Daniel Corbeil : Paradoxal
Règle générale, une maquette constitue une source d’émerveillement pour quiconque prend la peine d’y admirer la finesse des détails. Parce qu’elle simule ou reproduit, elle présente un côté ludique, une sorte de jeu auquel elle convie. Pour un visiteur de passage à la Galerie 101, où l’exposition Paysages morcelés, de Daniel Corbeil, tient l’affiche jusqu’au 19 février, l’expérience est paradoxale. Le jeu auquel il se livre n’a rien de très amusant.
Le modèle réduit d’un paysage terreux jonche le sol. Aucun signe de vie n’y est montré, mais les installations industrielles, elles, abondent. Le visiteur devine, en découvrant par hasard une poignée d’arbres chétifs et dégarnis, que le paysage en question a pu être autrefois plus verdoyant.

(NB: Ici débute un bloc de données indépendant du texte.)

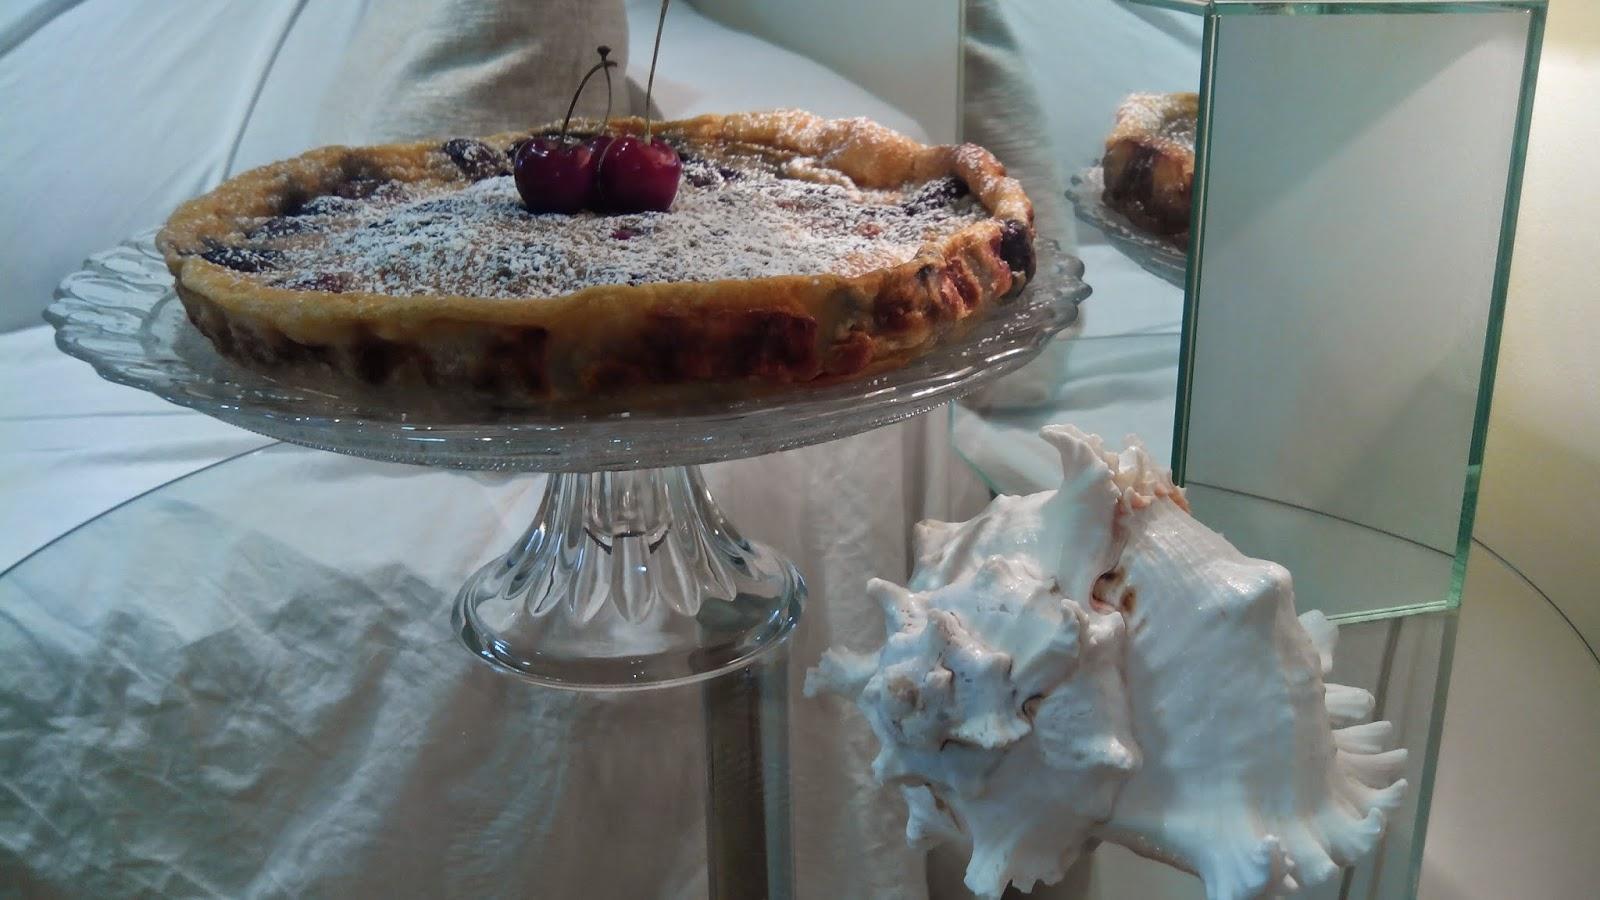 Tarta de cerezas, pastel de cerezas, clafoutis de cerezas, tarta, cerezas, tarta de fruta,
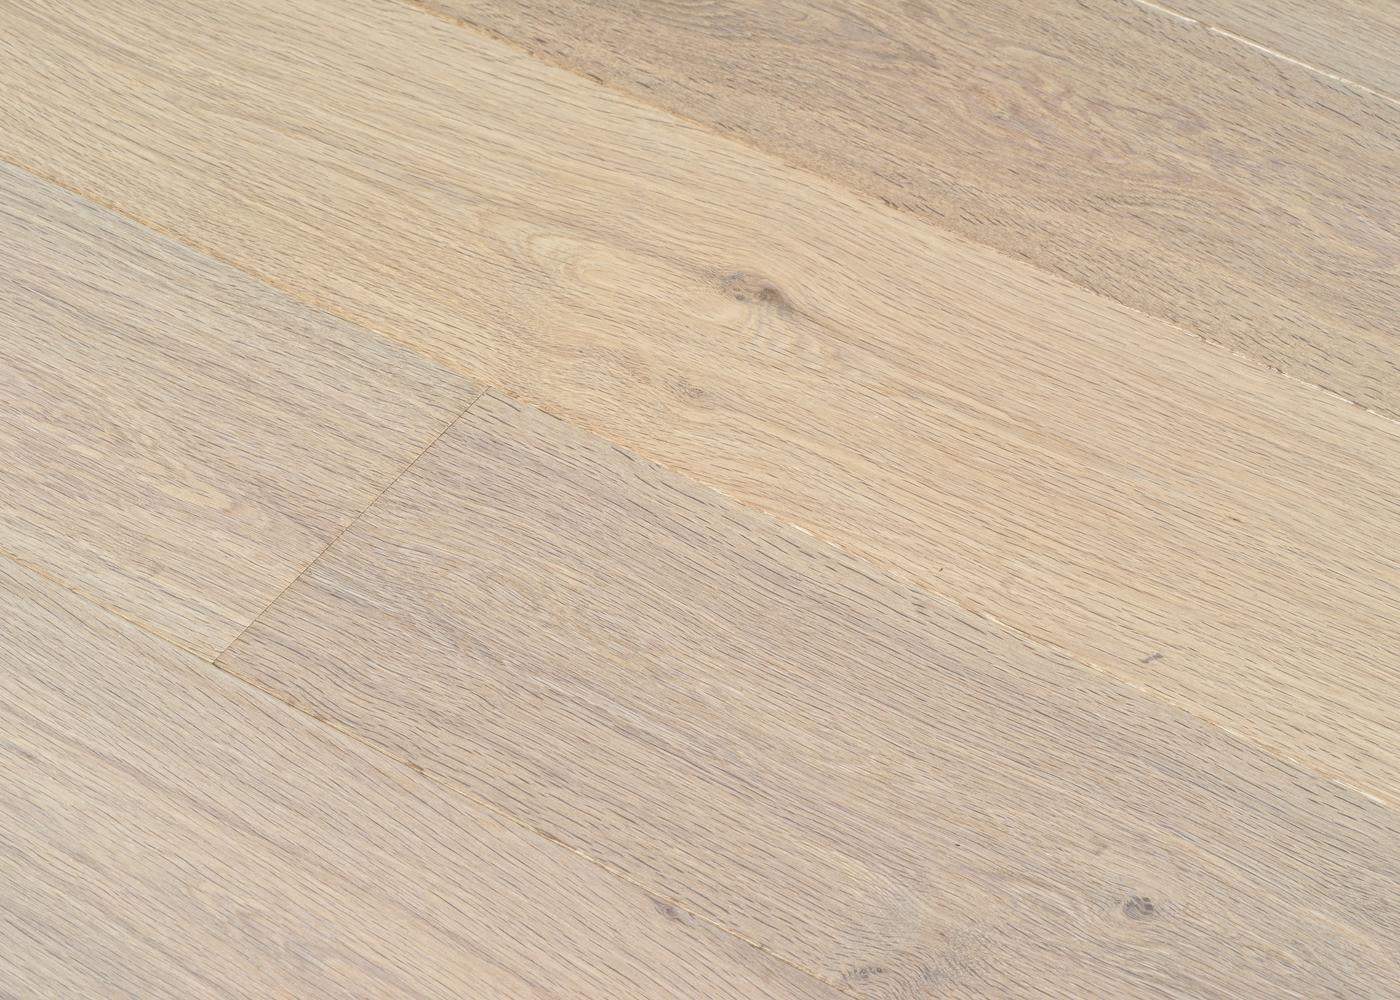 Parquet chêne contrecollé CALCAIRE huile cire Mélange 50% PRBis, 50% Matière 12x160x1100-2200

Au mur se trouvent des assemblages photographiques, créés à partir de vues en plongée de maquettes représentant des endroits fictifs, tout aussi arides et désertiques. La multitude de morceaux de ruban adhésif bleu qui les recouvre confirme leur statut de cartes géographiques fabriquées de toutes pièces.
Ces maquettes ont, au départ, été conçues d’après les paysages d’une Abitibi ravagée par l’activité minière. Elles n’existent plus. Selon le texte qui accompagne l’exposition, Corbeil les a perdues dans un incendie de studio après avoir consacré 13 ans à leur réalisation. De quoi mettre en abyme les concepts de perte et de désolation qui règnent déjà dans toute la présentation.
Car c’est bien ce que le corpus rappelle: désolation du paysage et désolation humaine, désolation de contempler un lieu détruit par des activités d’extraction. Sans compter que l’exposition, qui a tout pour stimuler la réflexion, s’insère ô combien dans le contexte actuel.
La mise en abyme est efficace. Et encore plus paradoxal est le fait que l’artiste a réussi, par le procédé de simulation, à faire plonger dans cette désolation.